The one thing people freak out about most when I talk about this method is the lack of documentation. They conjure up nightmare scenarios where one of the developers is hit by a bus and "no one knows how their stuff works", or point out that new developers won't have anywhere to start. Both of these are non-issues though, so long as you stick to the process and don't write terrible code.

If any member of the team doesn't know how a component works enough to get in there and complete a task, then it's time to get that person working on one of those tasks. Knowledge transfer happens best through doing, which means making sure that every member of the team has her fingerprints on every part. To put it in real terms, if Daniel gets hit by a bus, the project can go on because Aileen, Charlie, and Aisha have all spent some time poking at the payment engine. Not one of them wrote the whole thing, but the understanding is there.

Of course this can only happen if the code is readable and adheres to established standards. Variable names should be in the common language of the team and be whole words, method calls should be given names that explain what they do, and class names should make sense as singular objects. If the code can't be understood by someone who's never seen it before, then it's broken by design. Making sure that everyone has an opportunity to interact with this code is the best way to ensure it's readability.

Be Rigid

Probably the hardest part of agile software development is sticking to the process. As simple as it is, it's just too easy to fix a bug that someone found that isn't in the sprint, or add a simple feature that the client mentioned earlier that day. If agile is going to work, this can't be allowed to happen, and a lot of people have a hard time with this.

What you have to remember is that while the process feels pointlessly rigid, it's there to protect the team and ensure that the client gets exactly what was promised on the schedule that was promised.

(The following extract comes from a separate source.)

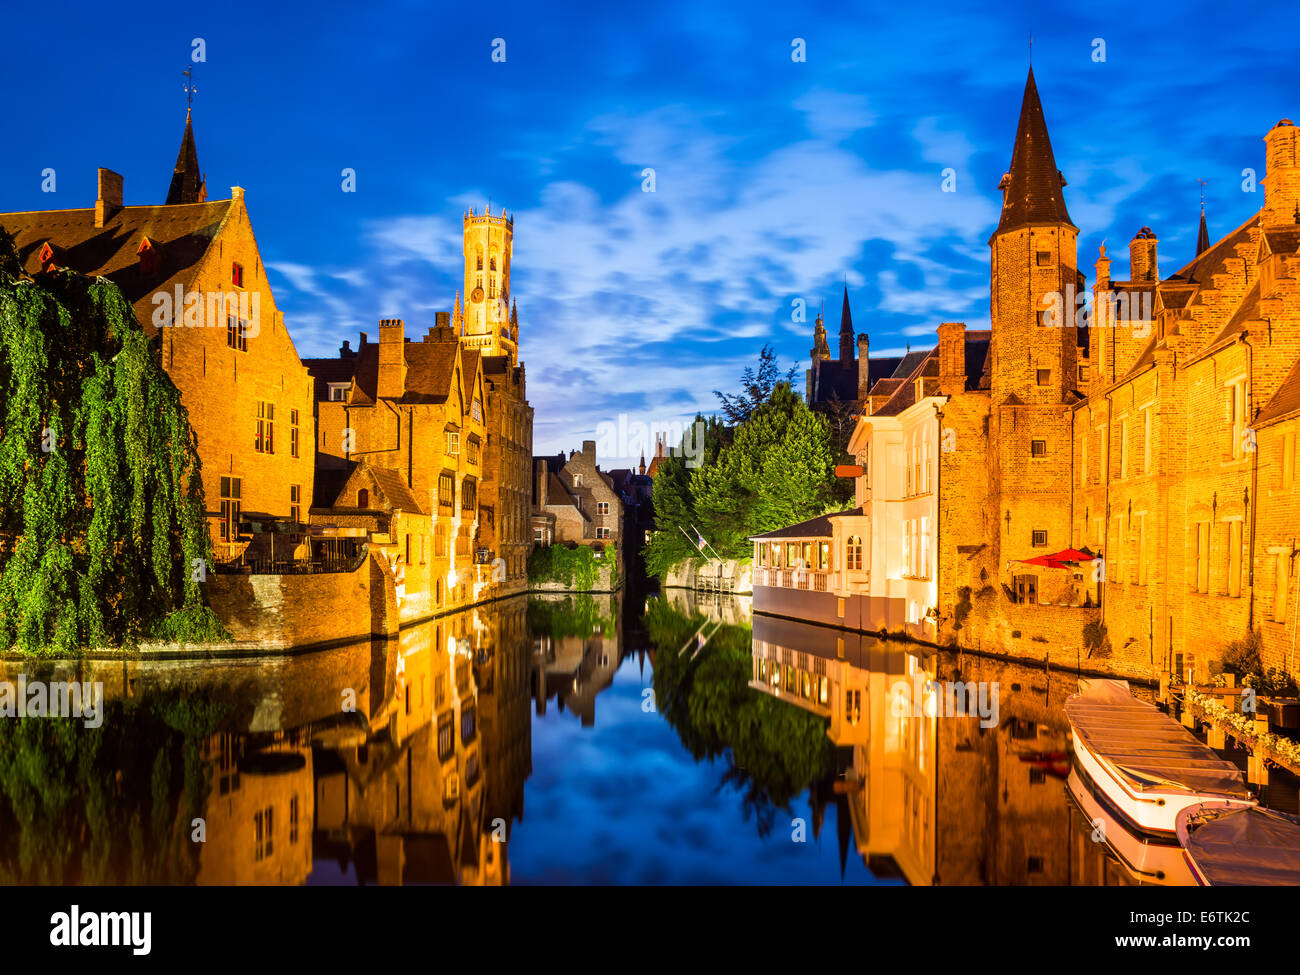 Bruges, Belgium. Image with Rozenhoedkaai in Brugge, Dijver river canal twilight and Belfort (Belfry) tower. Stock Photo

Adding in bug fixes can potentially derail the schedule, or introduce bugs that shouldn't have been there in the first place. It teaches the client that she can have whatever she wants whenever she wants, and as it's not part of the agreed sprint, she may try to get away with not paying for it.

From the developer side, it's important to remember that we like lists. If we can look at the list of stuff to do and know that that's all that's ever going to be there for the whole sprint, this introduces a sense of calm, and knowing exactly what's expected.

To this end, it's important to reward a team that manages to complete its sprint ahead of schedule. If they get everything finished by Thursday, let them take Friday off. The project is exactly as far along as you expected, so why not? Similarly, if the team is routinely late in completing the sprint, overtime is justified since the entire team helped write the sprint schedule during the planning meeting.

Conclusions

What makes agile work is having a simple and concise plan to follow, that has been agreed upon by all parties. I've worked at companies that implement this system without involving the developers so the schedule is imposed by people who have no knowledge of what actually needs to be done. I've also worked at companies where the developers run the schedule, which is to say, there's barely any schedule at all and the results are products that "mostly work", according to whatever the developer at the time thought was appropriate. As with so many other things, the key is openness, honesty, and inclusion in the process for all sides.

Agile is a system that everyone understands and agrees to, but doesn't get in the way of actually getting stuff done. It protects all parties involved from undue stress, and unexpected results, and I can honestly say that it was (at least for me) the best system to work with.